Up until maybe five years ago at max (I think that it's really like 3 years, but I'm not positive), walking between two subway cars while the train was in motion was simply frowned upon. Now it is illegal to do so and a cop can give you a ticket for doing so if he/she sees you. One can still walk between the cars when the train is stopped in a station, assuming that you find a train where the doors aren't locked.

Of course the above rule creates some confusion for people, since it isn't illegal to walk between the cars of a Metro North train, an LIRR train, and even a NJT train. On the other hand it is against the rules, if not a law, to walk between the cars of a moving SEPTA train.

It has been illegal to ride in the vestibules for probably 15 to 20 years, if not longer, on an NYC subway train.


----------



## sky12065 (Aug 17, 2008)

PetalumaLoco said:


> Green Maned Lion said:
> 
> 
> > By the way, the term is "Diaphragm"
> ...


You and others might be interested in this web page... CLICK HERE!


----------



## Amtrak OBS Gone Freight (Aug 17, 2008)

sechs said:


> Green Maned Lion said:
> 
> 
> > By the way, the term is "Diaphragm"
> ...



This is correct, but needs to be clarified a little more. Actually the area which is on the exterior side of the end door is known as the "vestibule" of the railcar even if it is just a little step on the other side. On the Amfleet equipment for example, the A end is the area where the electrical closet and pillow storage closet is located and ending on the plate and the diaphram on that end. And on the B end of the car is where the entry/exit doors of the car are located (along with the hand brake wheel on the wall under one of the grab irons). The diaphram is located just beyond that point as well completing that end. When two cars are coupled together, then the diaphrams should match up or be matched up to complete the passage way thus extending the vestibule into one common area. The diaphram is just the part which connects the two separate vestibules into one.

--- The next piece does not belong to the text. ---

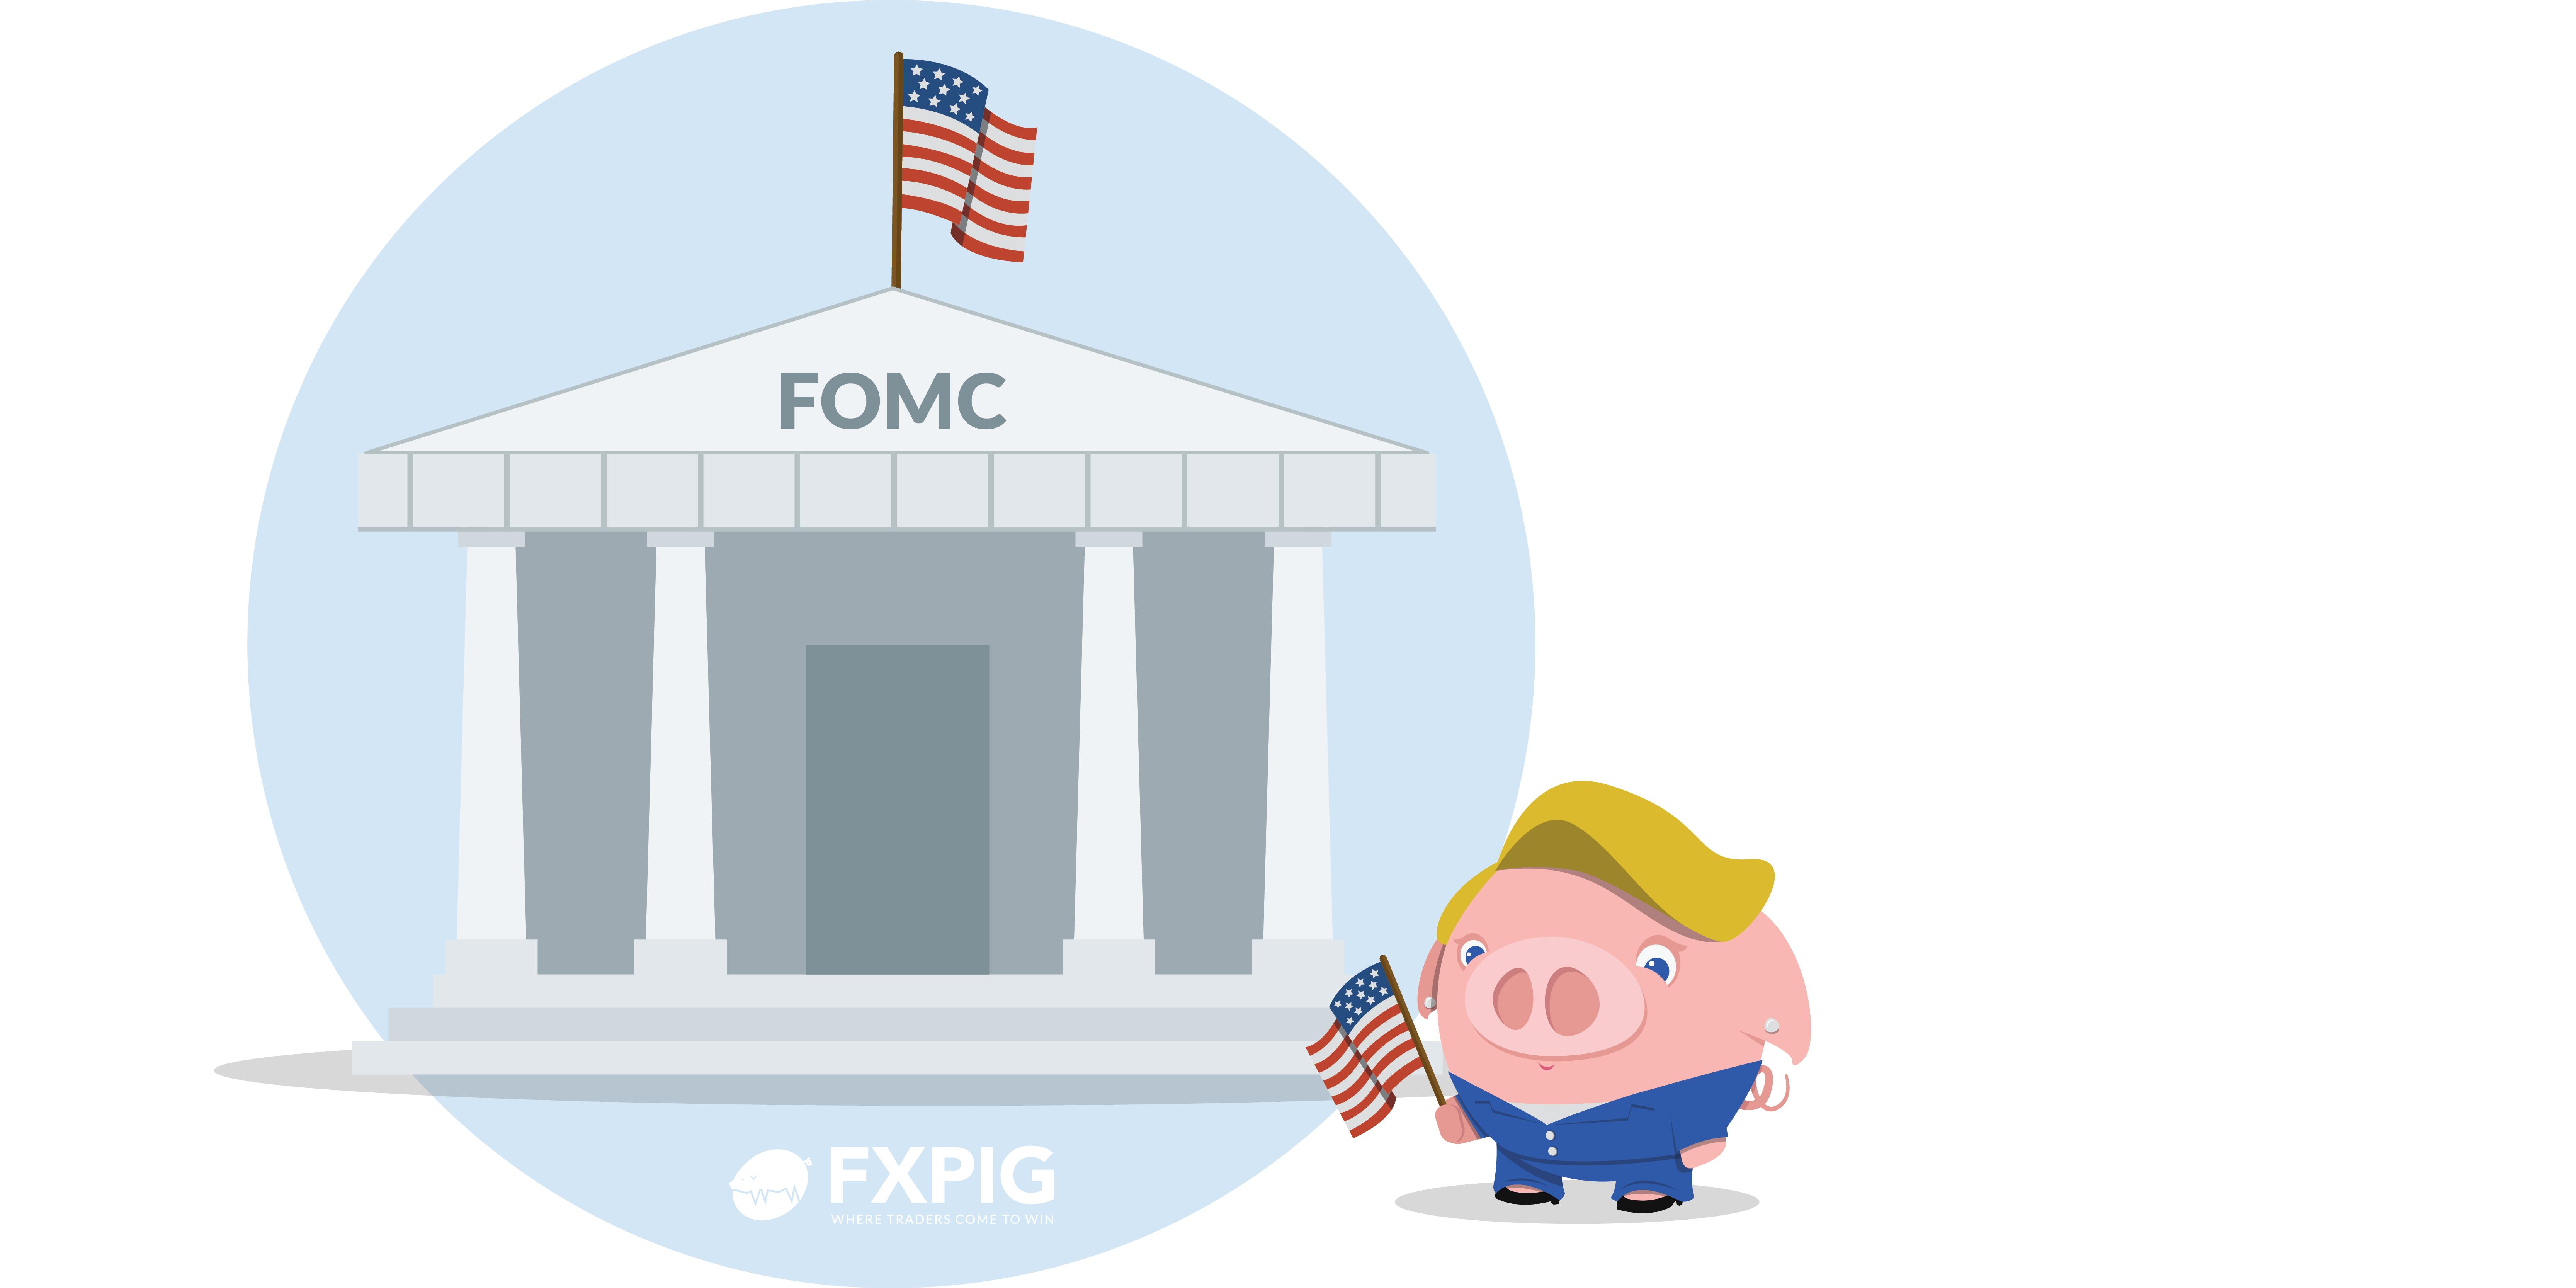 FOMC_still-no-pre-commitment_Forex_FXPIG

The main reason why you are not supposed to ride in a vestibule is simple. Passenger rail cars are designed with their weakest points at the ends of the cars (similar to your automobile). This allows carbody itself to take less of the impact in the case of some kind of collision. You do not want to be in a vestibule if the train goes into emergency, especially if the train is involved in a serious collision or derails. When you are passing through the diaphram portion of a vestibule, remember that right below you are the knuckle couplers (literally you are on the plate or bridge over the outside and in between two railcars). And Amtrak considers you as being outside of the car if you are not inside the carbody except if you are using that "bridge" for its sole purpose. In serious accidents railcars can uncouple and if a collision is involved the vestibule areas will crumple depending on the force of impact. The car ahead of you stops suddenly, then your car is going to run into the back of it. And if the trains slack is still stretched out at the time of impact then it is even that much more forceful. Rough slack action itself without any incident is enough to throw you off balance and to the floor! Someone like Had8ley who is much more experienced (from an engineer's standpoint) in train handling can go into detail about slack action and its effects. But anyway, you are safer in the carbody rather than the vestibule as that is the way it's designed. Only be in the vestibule during boarding and detraining, and while passing through to get to the next car especially while the train is moving!

OBS gone freight...


----------



## OlympianHiawatha (Aug 17, 2008)

On the subject of slack, how often, if ever, have coupler knuckles on passenger trains been broken due to bad slack management? I know they are rated to something like 500,000 lbs. and as short as a passenger train is, slack shouldn't be too much a problem from that point of view, but a few times I have been snapped back into my seat at slow speeds when brakes are suddenly released or applied and you can literally feels the couplers snapping together.


----------



## Green Maned Lion (Aug 17, 2008)

Perhaps you are right in todays terms, but in my research, I found that a Vestibule refers to the enclosed section where the entrance doors are as opposed to older cars from the 1800s which didn't have vestibules, but rather open platforms. Since certain commuter equipment does not even have connected diaphragms, I would tend to think that it would not actually be considered part of the vestibule. But obviously, OBS, you know more since you work on modern equipment rather than my academia.


----------